Re: [RFC PATCH] explicitly mark recursion count

From: Jörn Engel
Date: Wed Jun 02 2004 - 12:19:02 EST


On Wed, 2 June 2004 09:25:50 -0700, Linus Torvalds wrote:
>
> Well, multiple recursion around the same function seems to be solvable two
> different ways:
> - "don't do that then". It really seems broken, but maybe there are
> really really good reasons _why_ it's not broken and why it happens.
> - make sure that the separate loops are broken in some _other_ place than
> in the function they share.
>
> A combination of the two may work well.
>
> I say "may", because maybe I'm wrong, and the condition is common and hard
> to avoid limiting in the shared function. I don't have your data (and I'm
> lazy, so quite frankly I'd much rather you do the analysis anyway ;).

You *do* have my data, but I buy the lazy argument. ;)

> That said, I just don't see any sane alternatives to my "break in one
> place" thing.
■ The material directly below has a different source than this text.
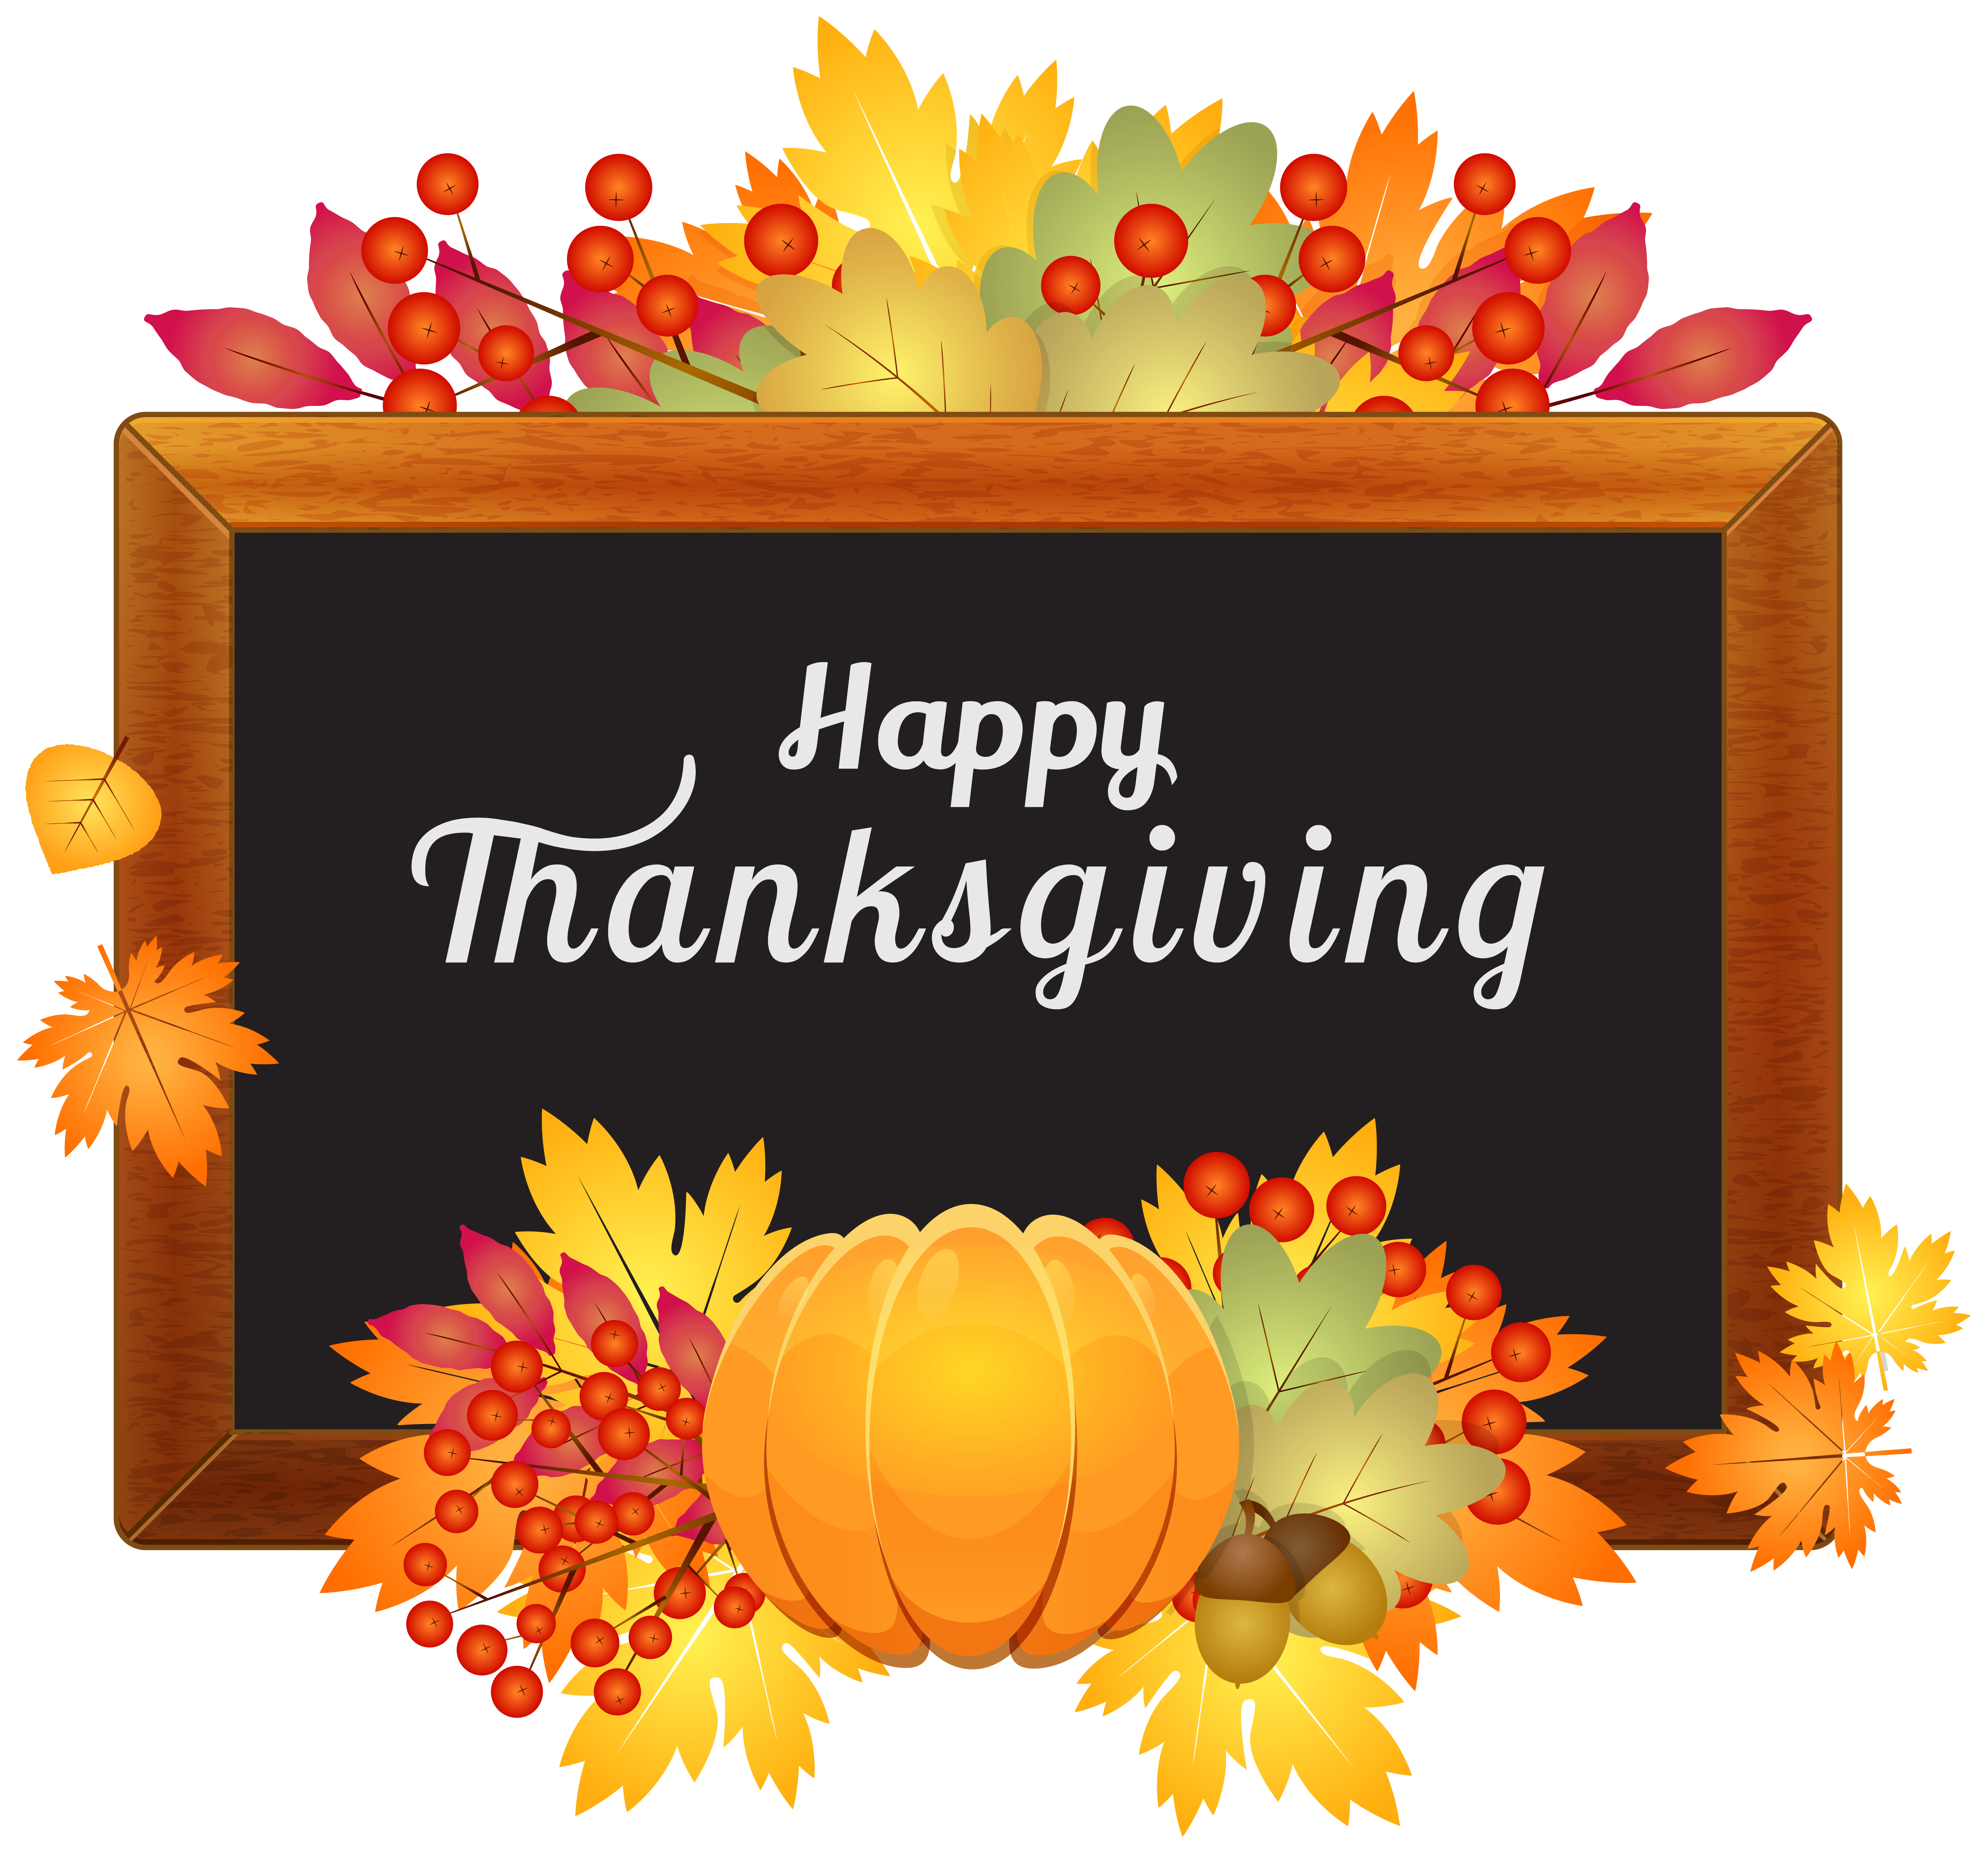 Happy Thanksgiving Decor Png Clipart Image   Thanks Giving Hd Png - Thanks Images, Transparent background PNG HD thumbnail

I believe that anything more complex that tries to explain
> the whole loop is just going to be a nightmare to maintain, and fragile as
> hell except for totally static legacy code that nobody touches any more.

Amen, brother. Anything complicated will contain bugs tomorrow, if
not already today.

Let's see. Right now, we have two cases of multiple recursions:
WARNING: multiple recursions around check_sig()
WARNING: multiple recursions around usb_audio_recurseunit()

check_sig() is bad code and can be cleaned up.

Leaves usb_audio_recurseunit() as the only function in question, that
one could actually be sane, although it looks rather interesting:
WARNING: trivial recursion detected:
0 usb_audio_recurseunit
WARNING: recursion detected:
16 usb_audio_selectorunit
0 usb_audio_recurseunit
WARNING: multiple recursions around usb_audio_recurseunit()
WARNING: recursion detected:
0 usb_audio_recurseunit
0 usb_audio_processingunit

Greg, can you say whether this construct makes sense?

Jörn

--
Eighty percent of success is showing up.